– Ты для кого говоришь, – одёргивала его жена, – словно на трибуне, думаешь, нас подслушивают, или так считаешь? – В голосе её колкая насмешка, а во взгляде читалось: «Бравурных речей не люблю, ты знаешь». В памяти её было немало примеров, что могли скомпрометировать веру мужа, обнародовать не имело смысла, они представляли секреты.
Отец был в замешательстве, не знал, что ответить, но, заметив, что его растерянность заинтересовала Альберта, понимал, что отмолчаться не получится, это может посеять сомнение в душе подростка, что полон энтузиазма, со значком комсомольца. Он знал, чем вызван скептицизм жены. Старая русская знать, лишившаяся всего в годы красного террора.

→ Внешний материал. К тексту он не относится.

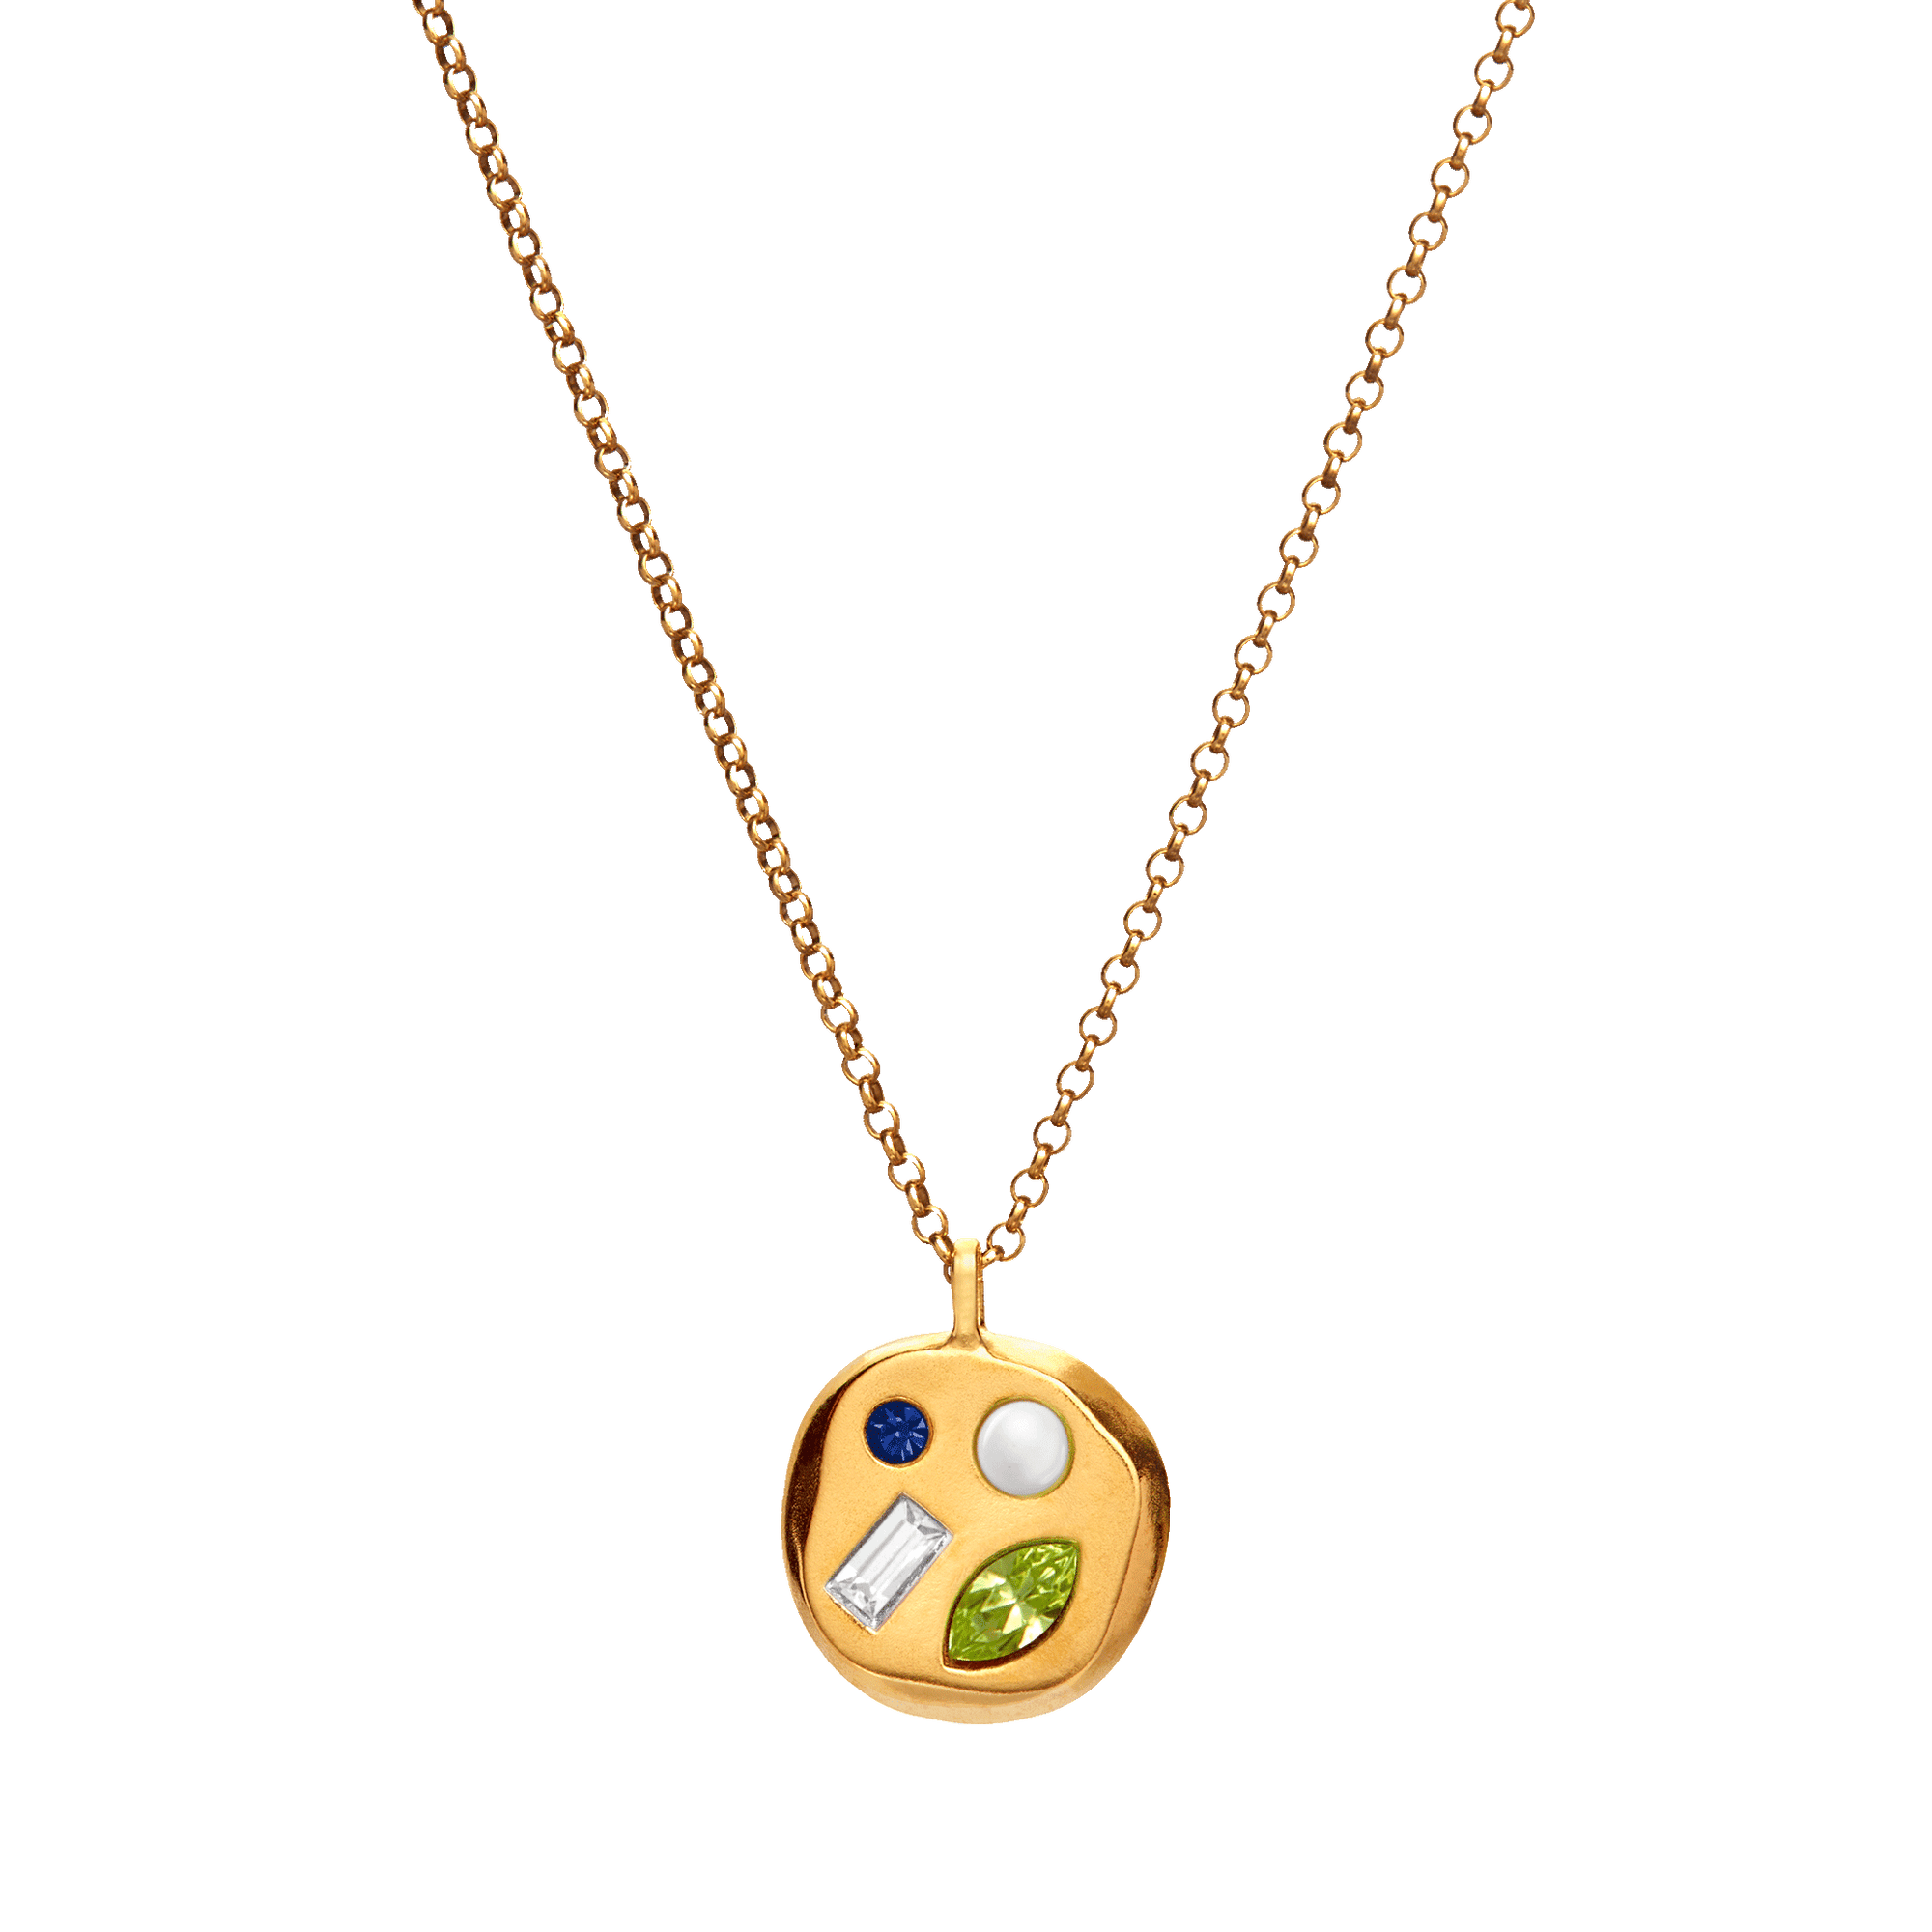 The August Second Pendant

– Дорогая, а что ты скажешь про ядерный паритет и первый человек в космосе – наш гражданин. На этом ставлю точку. Потому что Родину не обсуждают, ей, как матери, чем могут, служат.
Это высказывание говорило о том, что дебаты на исторические темы в данный момент не уместны.
– Ой, не надо патетики, когда свою маму даже телефонным разговором не порадуете. Мать Альберта поняла, что разговор надо вовремя перевести в бытовую плоскость. А идеология сейчас отдыхает, дремлет.
– Вот возьму сейчас и позвоню. Только вечером, пожалуй, не стоит, спать не будет. Её и так бессонница мучает, всё боится войны, ей девяносто, она всё в страхе.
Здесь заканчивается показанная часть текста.